Updated source-rows also require an update of the existing scd-fields. The scd_end date of the existing record is set to the runtime of the job. Current is set to false

In the next step, rows without mergeKey will be inserted in the dimension table and rows with mergekey will be updated in the dimension

In [9]:

df_upserts = spark.sql(f"select source_salesRepSK as salesRepSK,\
                                source_salesRepId as salesRepID,\
                                source_name as name,\
                                source_office as office,\
                                to_timestamp('{run_timestamp}') as scd_start, \
                                to_timestamp('2100-12-12','yyyy-MM-dd') as scd_end,\
                                source_md5 as md5,\
                                true as current\
                        from  detectedChanges\
                        union \
                        select  salesRepSK,\
                                salesRepId,\
                                name,\
                                office,\
                                scd_start,\
                                to_timestamp('{run_timestamp}') as scd_end,\
                                md5, \
                                false \
                                from detectedChanges \
                        where current is not null")

df_upserts.createOrReplaceTempView("upserts")

In [10]:

#DEBUG CODE TO SHOW CONTENT OF UPSERTS
spark.sql("select * from upserts").show()

+--------------------+----------+--------+--------+--------------------+--------------------+--------------------+-------+
|          salesRepSK|salesRepID|    name|  office|           scd_start|             scd_end|                 md5|current|
+--------------------+----------+--------+--------+--------------------+--------------------+--------------------+-------+
|cf00619c-d6f3-402...|         3|F. Crane|  Berlin|2024-09-03 13:17:...| 2100-12-12 00:00:00|382ec0d8b8cd28ce4...|   true|
|cc52e5ac-765e-457...|         3|F. Crane|New York| 1999-01-01 00:00:00|2024-09-03 13:17:...|0715f05df18a3a794...|  false|
+--------------------+----------+--------+--------+--------------------+--------------------+--------------------+-------+



#### PERFORM MERGE DIMSALESREP AND UPSERTS
merge looks for a matching dwh.salesRepID (in the dimension) for mergeKey
   - when a match is found (the dimension table contains a row where its salesRepId corresponds with one of the mergekeys)  -> perform update of row to close the period and set current to "false"
   - when no match is found (there is no salesRepID in the dimension because the mergeKey is null) -> perform an insert with the data from the updserts table (from the source).
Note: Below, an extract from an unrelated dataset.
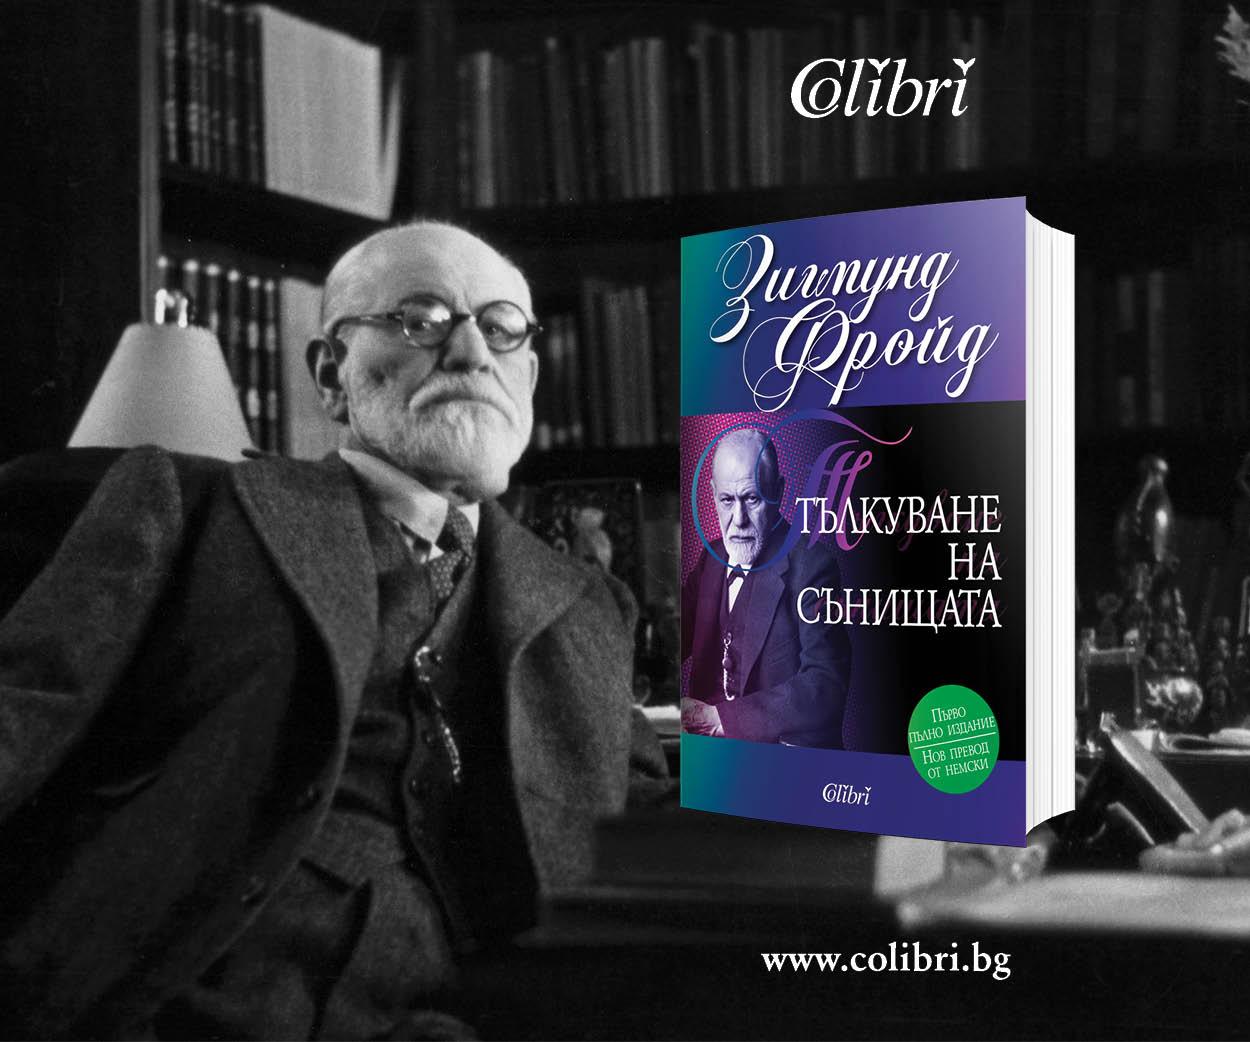 Тълкуване на сънищата Зигмунд Фройд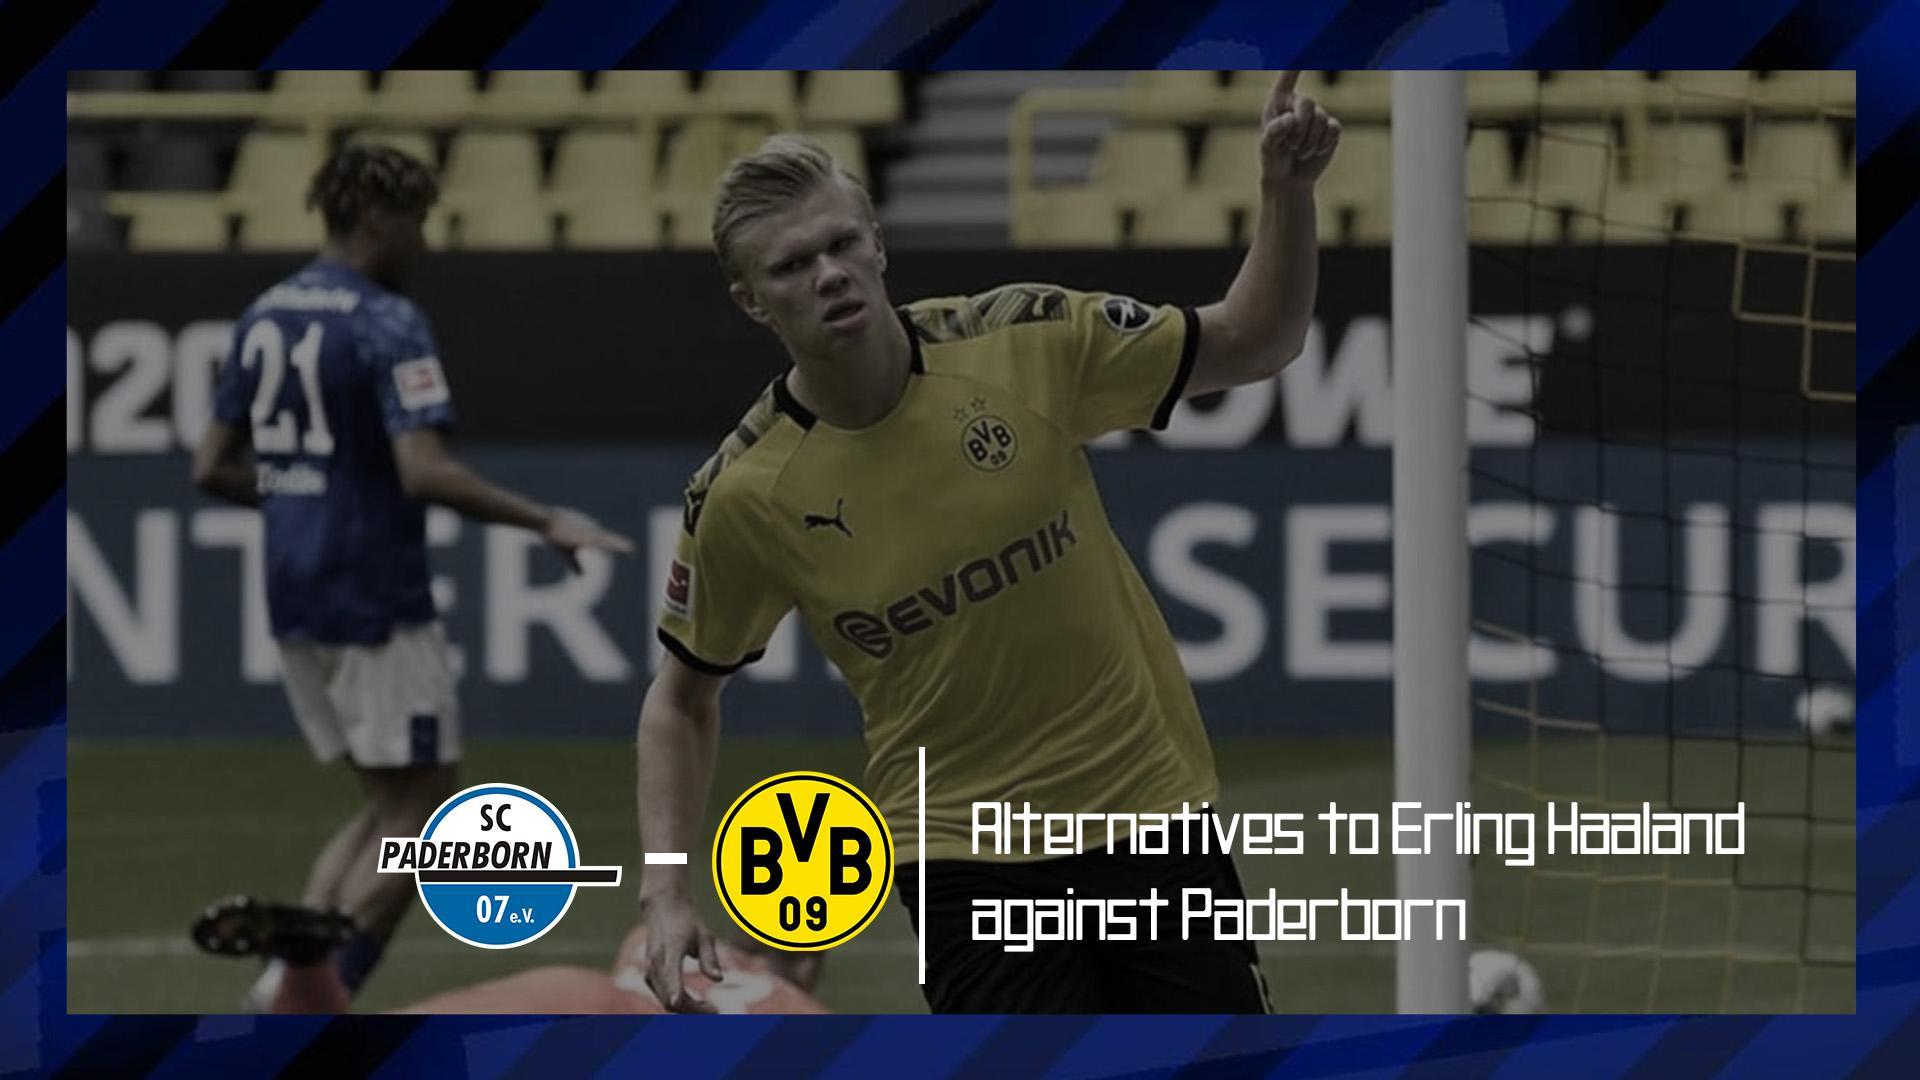 Alternatives-to-Erling-Haaland-against-Paderborn-vs-Dortmund-Bundesliga-2019-20

The scd-start is filled with the run_timestamp)

In [11]:
spark.sql("MERGE INTO dimSalesRep_current AS target \
          using upserts AS source ON target.salesRepID = source.salesRepID and source.current = false and target.current=true \
          WHEN MATCHED THEN UPDATE SET scd_end = source.scd_end, current = source.current  \
          WHEN NOT MATCHED THEN INSERT (salesRepSK, salesRepId, name, office, scd_start, scd_end, md5, current) values (source.salesRepSK, source.salesRepId, source.name, source.office, source.scd_start, source.scd_end, source.md5, source.current)")\

#DEBUG CODE TO SHOW CONTENT OF DIMENSION
dt_dimSalesRep.toDF().sort("salesRepID", "scd_start").show(100)


DataFrame[num_affected_rows: bigint, num_updated_rows: bigint, num_deleted_rows: bigint, num_inserted_rows: bigint]

+--------------------+----------+-------------+-------------+--------------------+--------------------+--------------------+-------+
|          salesRepSK|salesrepid|         name|       office|           scd_start|             scd_end|                 md5|current|
+--------------------+----------+-------------+-------------+--------------------+--------------------+--------------------+-------+
|e29017f3-ee76-462...|         1|      R. Zane|       Berlin| 1999-01-01 00:00:00| 2100-12-12 00:00:00|1f8cbbc272a33dcc1...|   true|
|e8dfac53-cfdb-436...|         2|   P. Chapman|       Berlin| 1999-01-01 00:00:00| 2100-12-12 00:00:00|14b094c31bf9e4149...|   true|
|cc52e5ac-765e-457...|         3|     F. Crane|     New York| 1999-01-01 00:00:00|2024-09-03 13:17:...|0715f05df18a3a794...|  false|
|cf00619c-d6f3-402...|         3|     F. Crane|       Berlin|2024-09-03 13:17:...| 2100-12-12 00:00:00|382ec0d8b8cd28ce4...|   true|
|e7b68ade-1c92-4e8...|         4|    R. Geller|     New York| 1999-01

## Delete the spark session

In [12]:
spark.stop()